When we came to the door, outside of which I had huddled and listened to a caged woman's melancholy song not so long ago, I did not feel surprise. Instead I felt a sort of numb shock, coupled with a dread that manifested itself in a tingling of my scalp. What if he knew, what if he had known all along and was drawing out the reveal as a sort of punishment?

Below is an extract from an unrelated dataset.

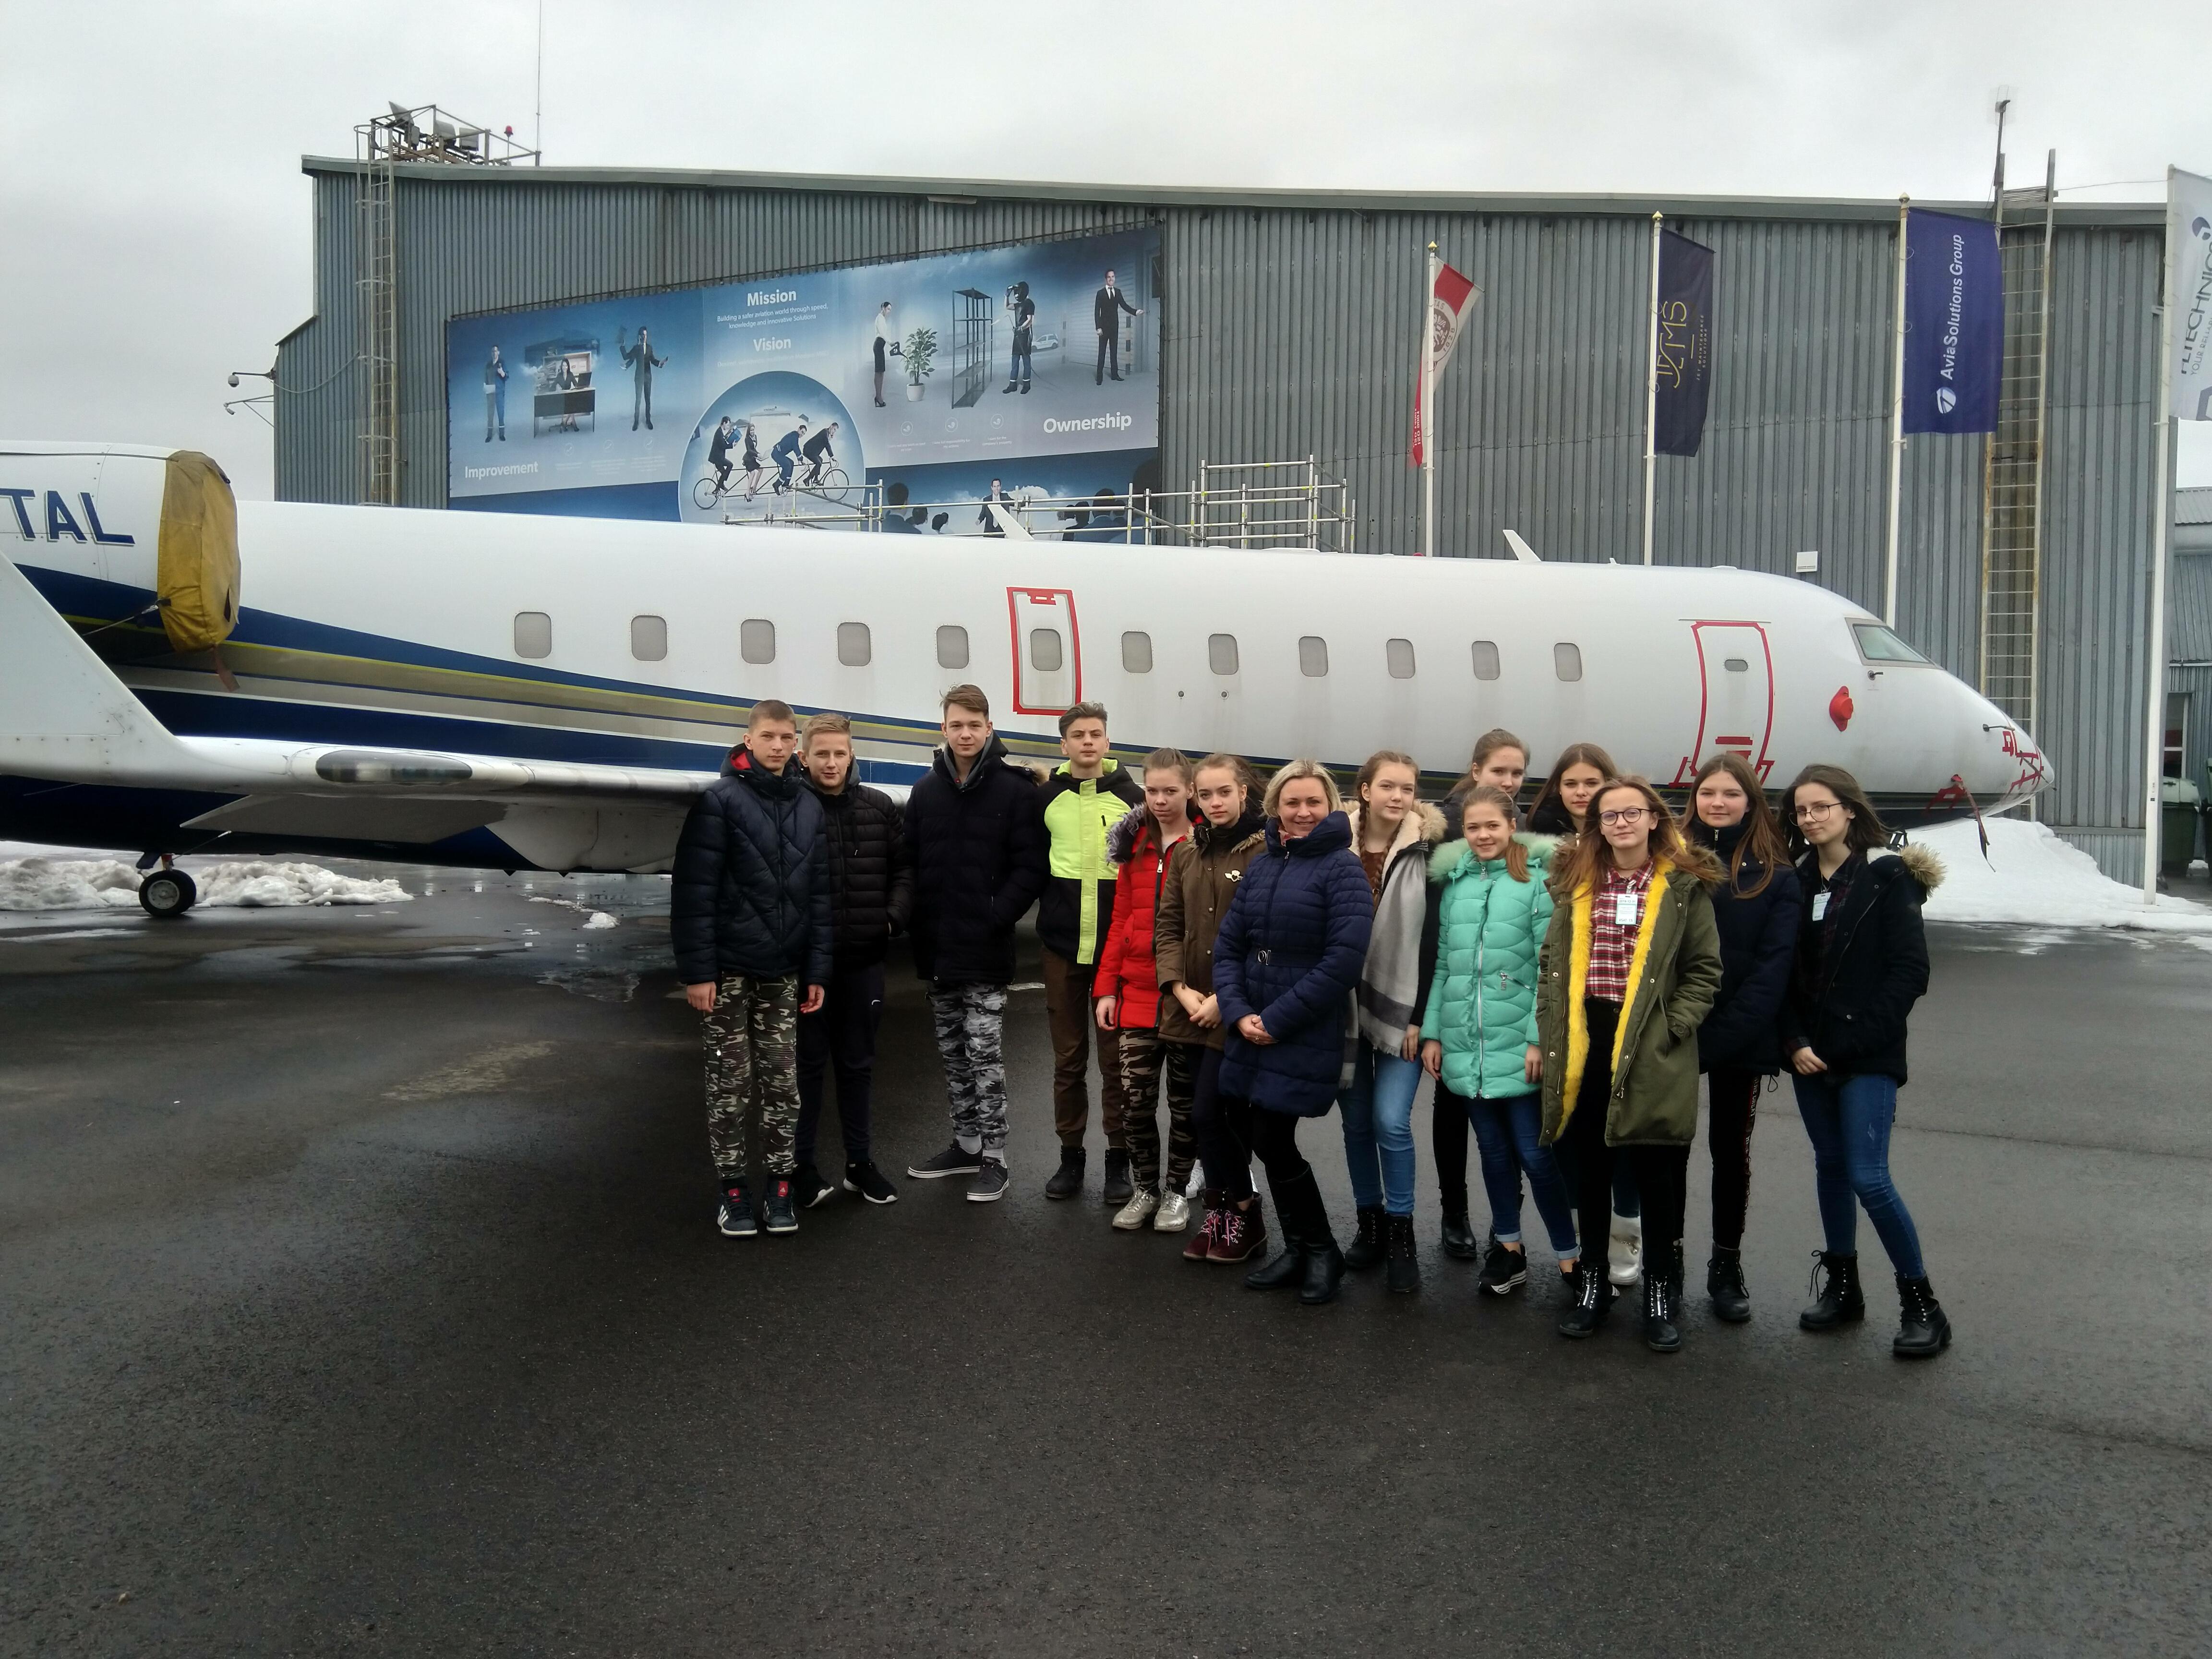 Lavoriškių gimnazijos JPB nariai  Vilniaus oro uoste domėjosi pasieniečių darbu

My father sorted through the various keys on a huge and heavy ring for what seemed like an eternity. I was willing to let this time pass slowly. Finally, he found the one for which he had been searching and inserted it into the door. It made a sound that spoke of want of use, twisted, and the door creaked open.

What I remember first are the feathers. They were everywhere; huge, black feathers in piles and scattered across the floor like lilies in a pond. After that strange sight had sunk in entirely, I noticed something glittering on the floor which upon closer examination was revealed to be a thin golden chain. This chain was extraordinarily long, and resembled jewelry more than the chains of a gaol, and I followed its twists and turns until my eyes came to its source. In the rear corner of the cell sat someone shrouded in darkness. I could barely make out the shape of a body tucked up on a low bench.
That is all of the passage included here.